** INSTRUCTIONS FOR THE TASK **
Skip every picture, and output exactly the lines starting at the one with "LE-Tours wünscht allen" and running through the last line of the material below.

** DATA SHOWN **
* * * * * * * * *
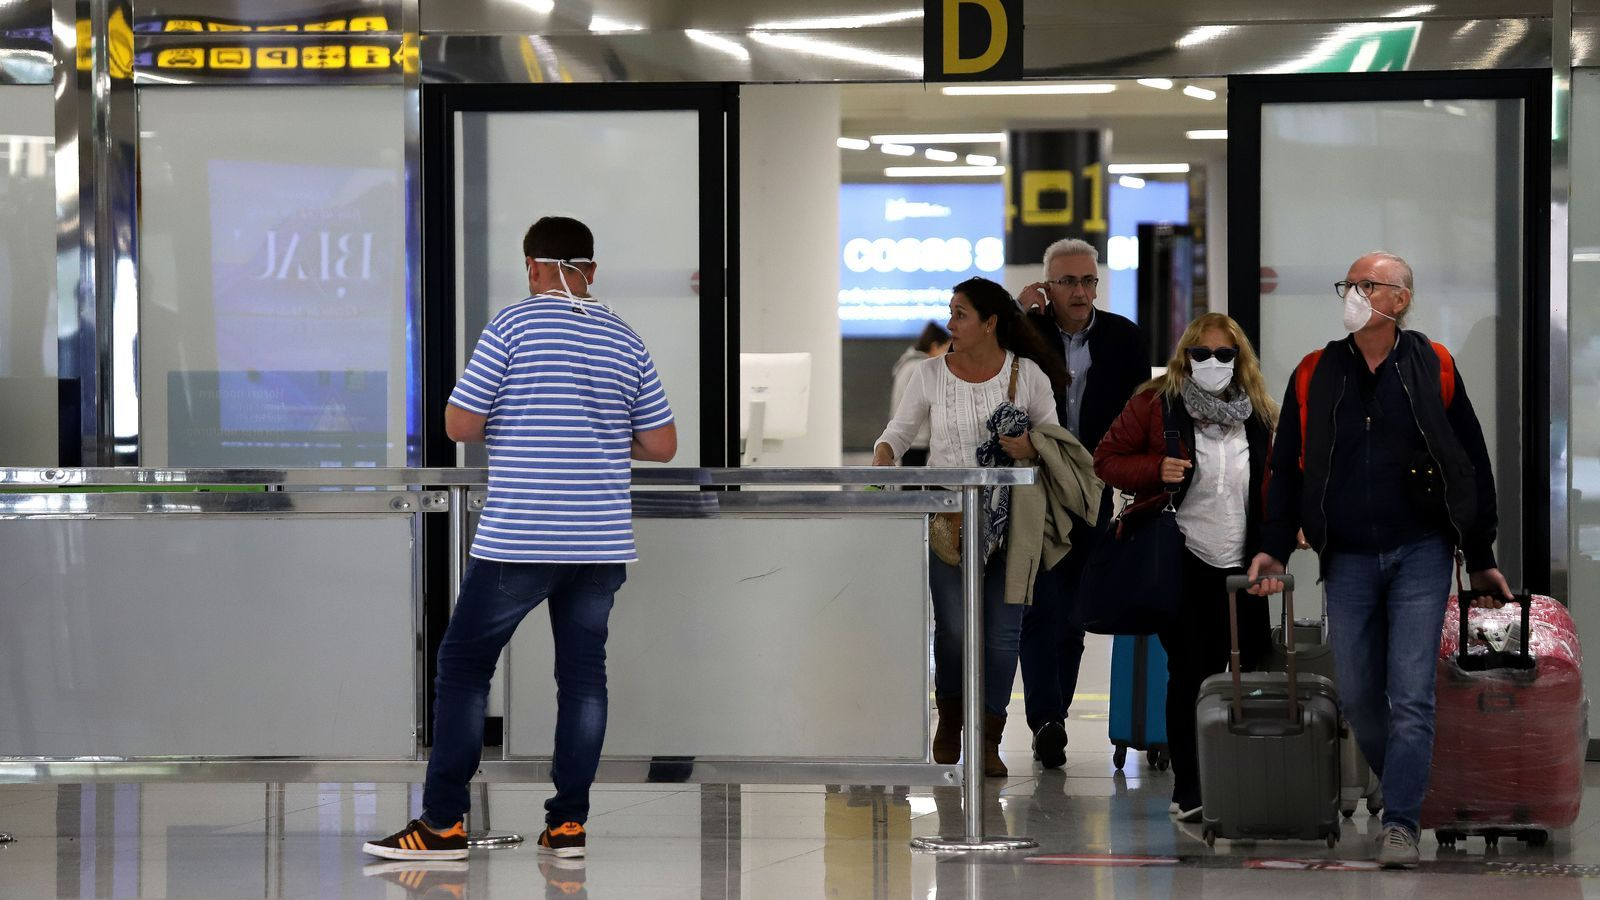 Passatgers arriben a l'areoport de Palma durant l'estat d'alarma
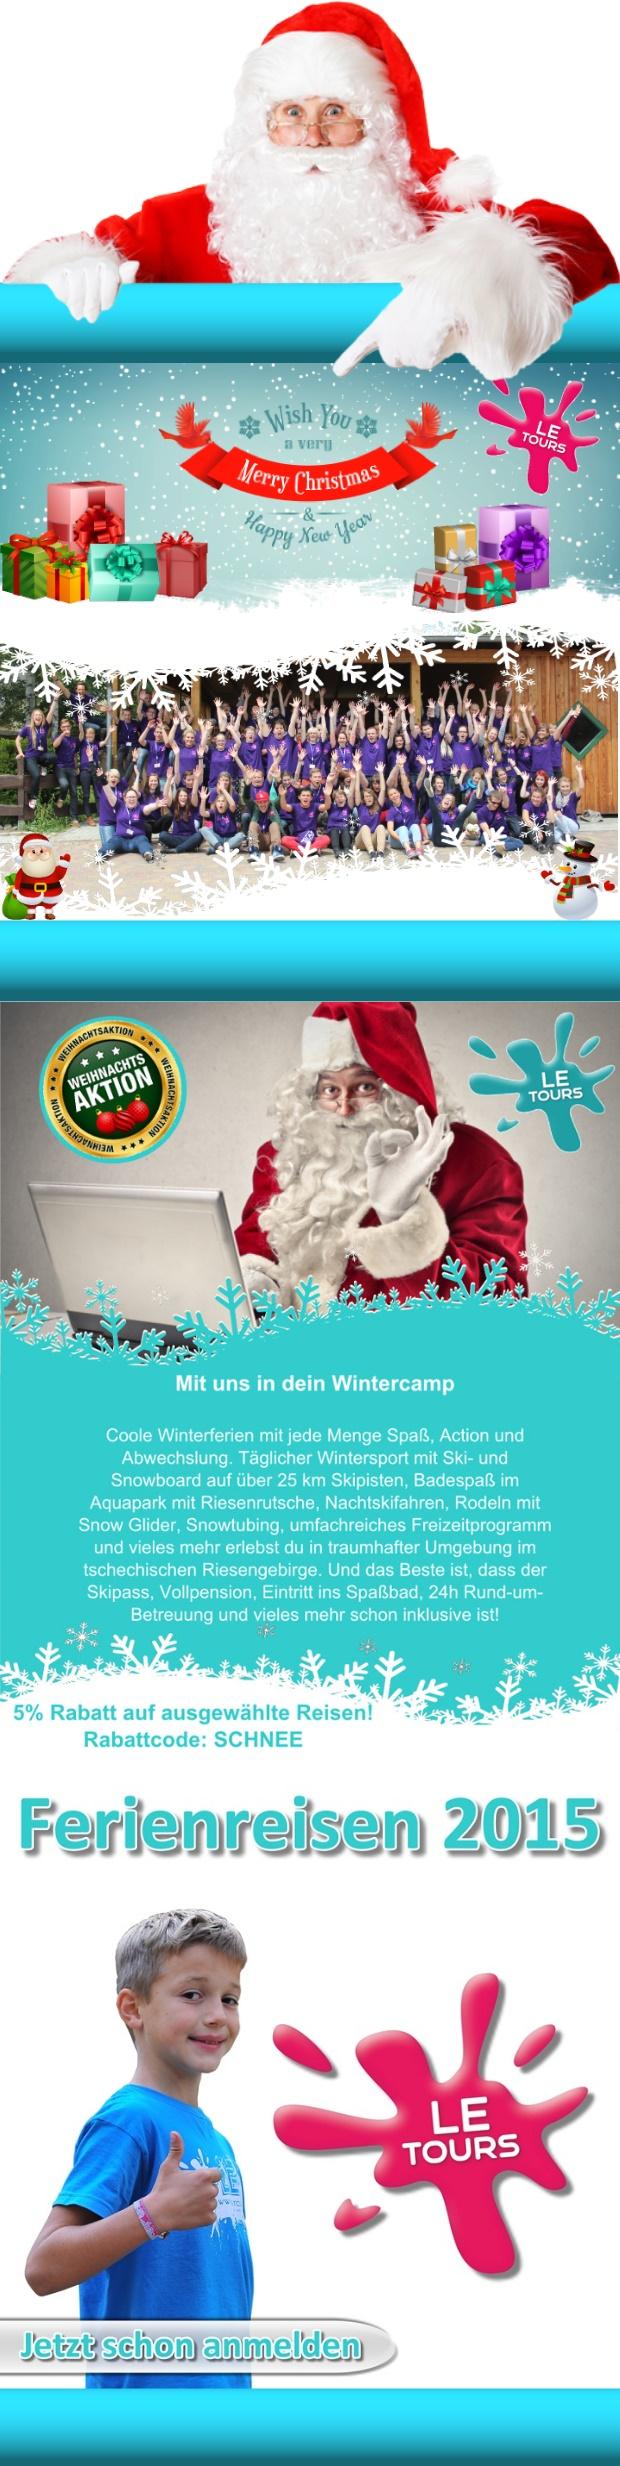 LE-Tours wünscht allen Kindern eine frohe Weihnachtszeit sowie ein gesundes neues Jahr 2015 - www.le-tours.de
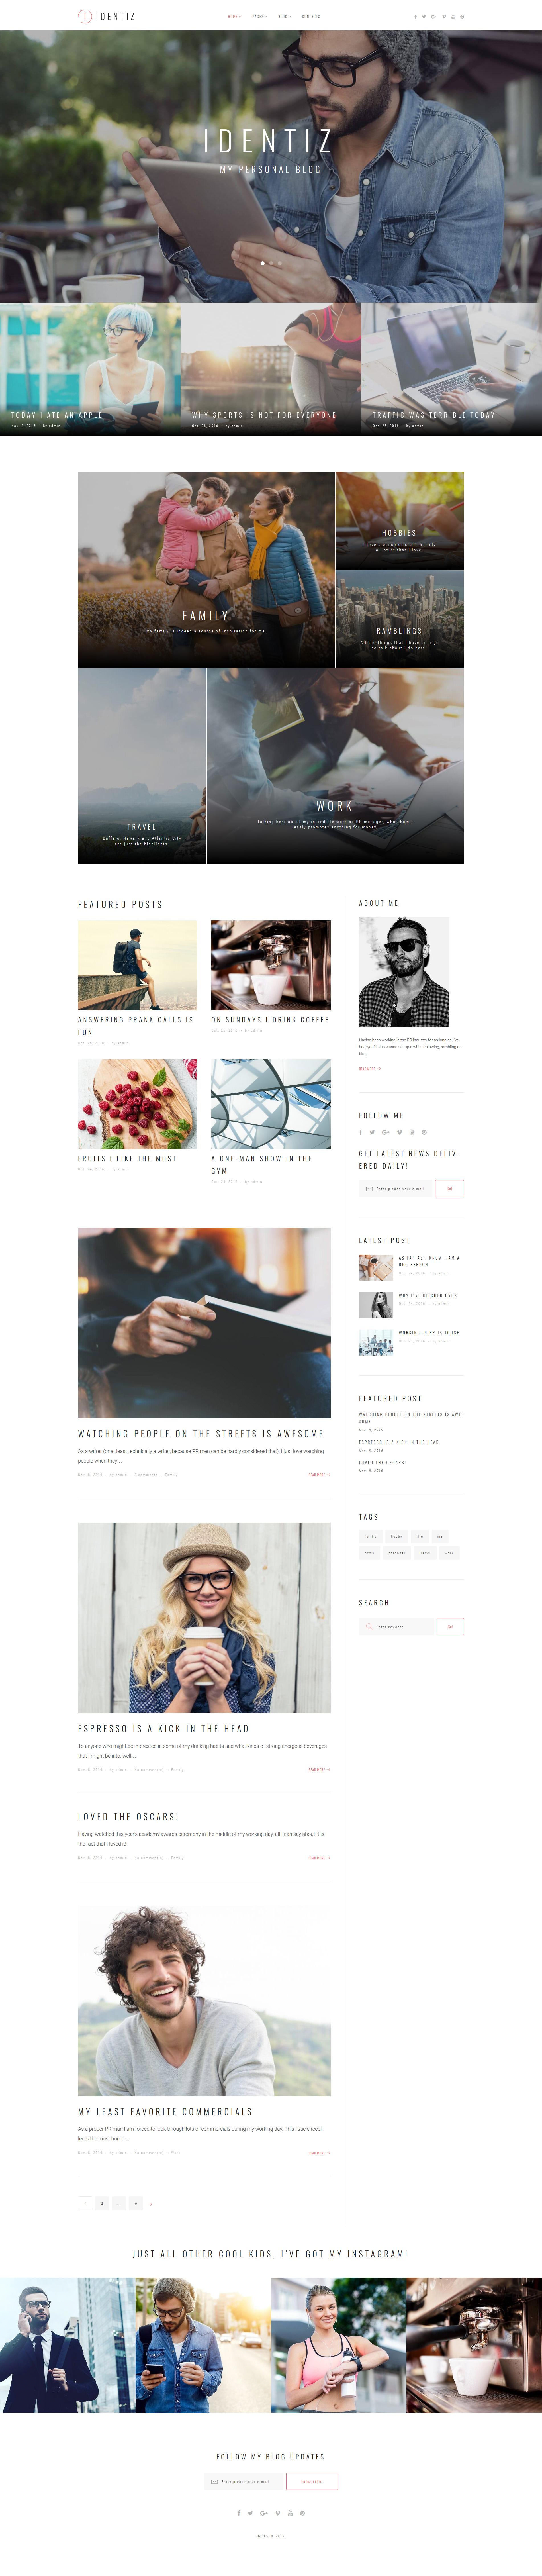 """""""Identiz - Personal Blog"""" Responsive WordPress thema №63592 - screenshot"""
* * * * * * * * *
** FINISHED TASK **
 LE-Tours wünscht allen Kindern eine frohe Weihnachtszeit sowie ein gesundes neues Jahr 2015 - www.le-tours.de
 """""""Identiz - Personal Blog"""" Responsive WordPress thema №63592 - screenshot"""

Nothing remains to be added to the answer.